For more information, see [Using job execution roles](https://docs.aws.amazon.com/emr/latest/EMR-on-EKS-DevelopmentGuide/iam-execution-role.html), [Configure a job run to use S3 logs](https://docs.aws.amazon.com/emr/latest/EMR-on-EKS-DevelopmentGuide/emr-eks-jobs-CLI.html#emr-eks-jobs-s3), and [Configure a job run to use CloudWatch Logs](https://docs.aws.amazon.com/emr/latest/EMR-on-EKS-DevelopmentGuide/emr-eks-jobs-CLI.html#emr-eks-jobs-cloudwatch).

# Update the trust policy of the job execution role


When you use IAM Roles for Service Accounts (IRSA) to run jobs on a Kubernetes namespace, an administrator must create a trust relationship between the job execution role and the identity of the EMR managed service account. The trust relationship can be created by updating the trust policy of the job execution role. Note that the EMR managed service account is automatically created at job submission, scoped to the namespace where the job is submitted.

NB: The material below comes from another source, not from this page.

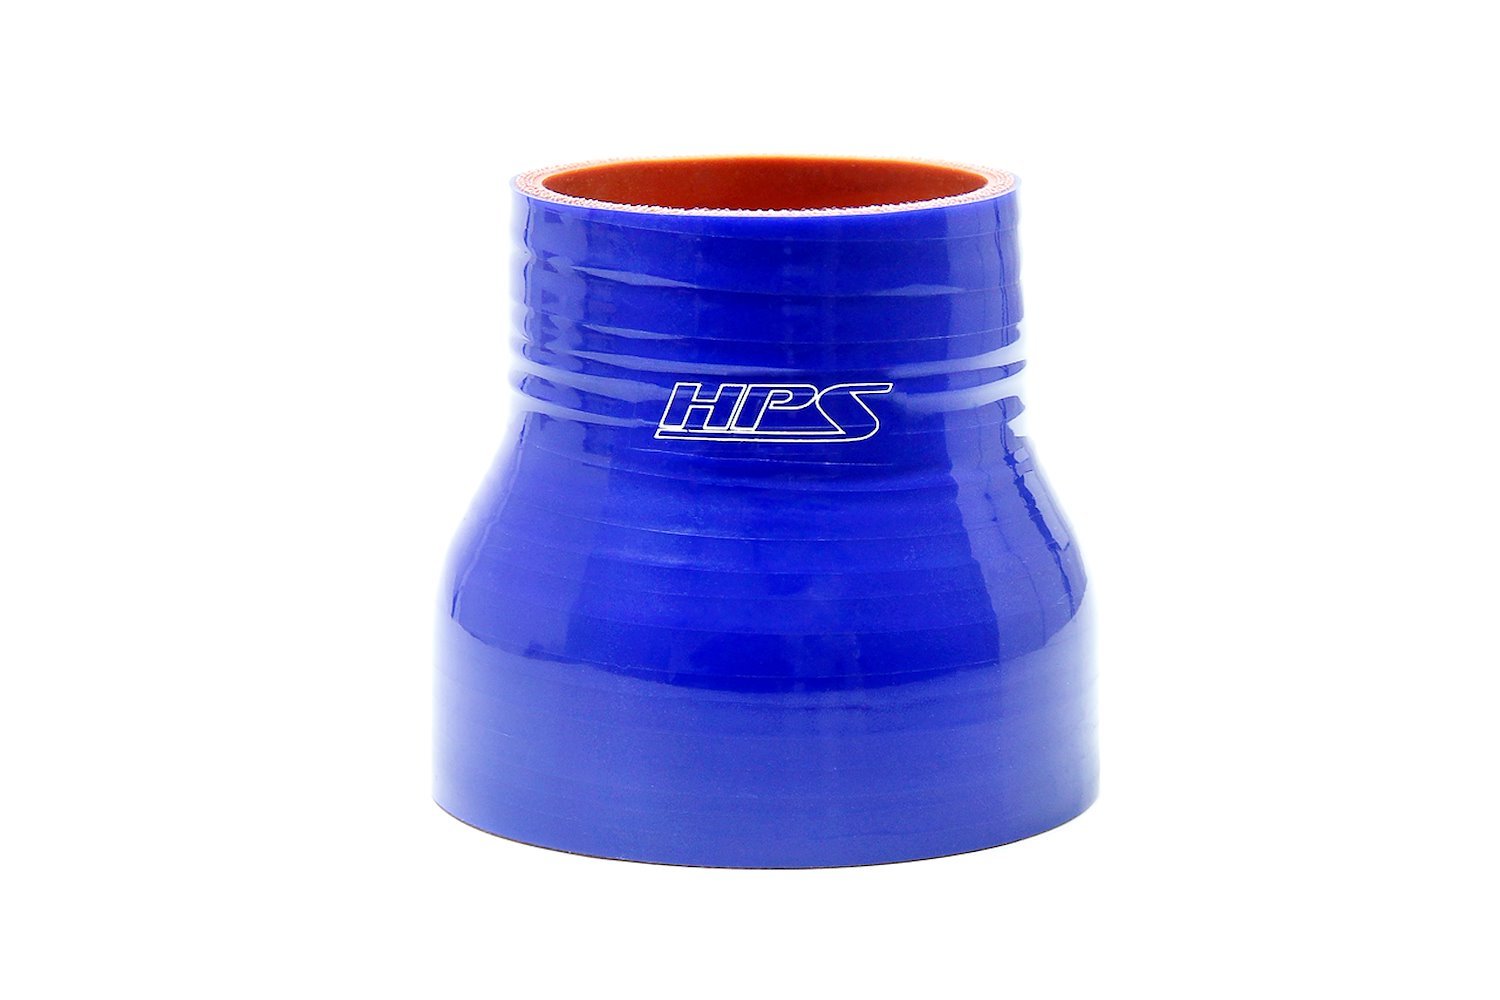 HTSR-312-325-BLUE Silicone Reducer Hose, High-Temp 4-Ply Reinforced, 3-1/8 in. - 3-1/4 in. ID, 3 in. Long, Blue

Run the following command to update the trust policy.

```
 aws emr-containers update-role-trust-policy \
       --cluster-name cluster \
       --namespace namespace \
       --role-name iam_role_name_for_job_execution
```

For more information, see [Using job execution roles with Amazon EMR on EKS](iam-execution-role.md).

**Important**  
The operator running the above command must have these permissions: `eks:DescribeCluster`, `iam:GetRole`, `iam:UpdateAssumeRolePolicy`.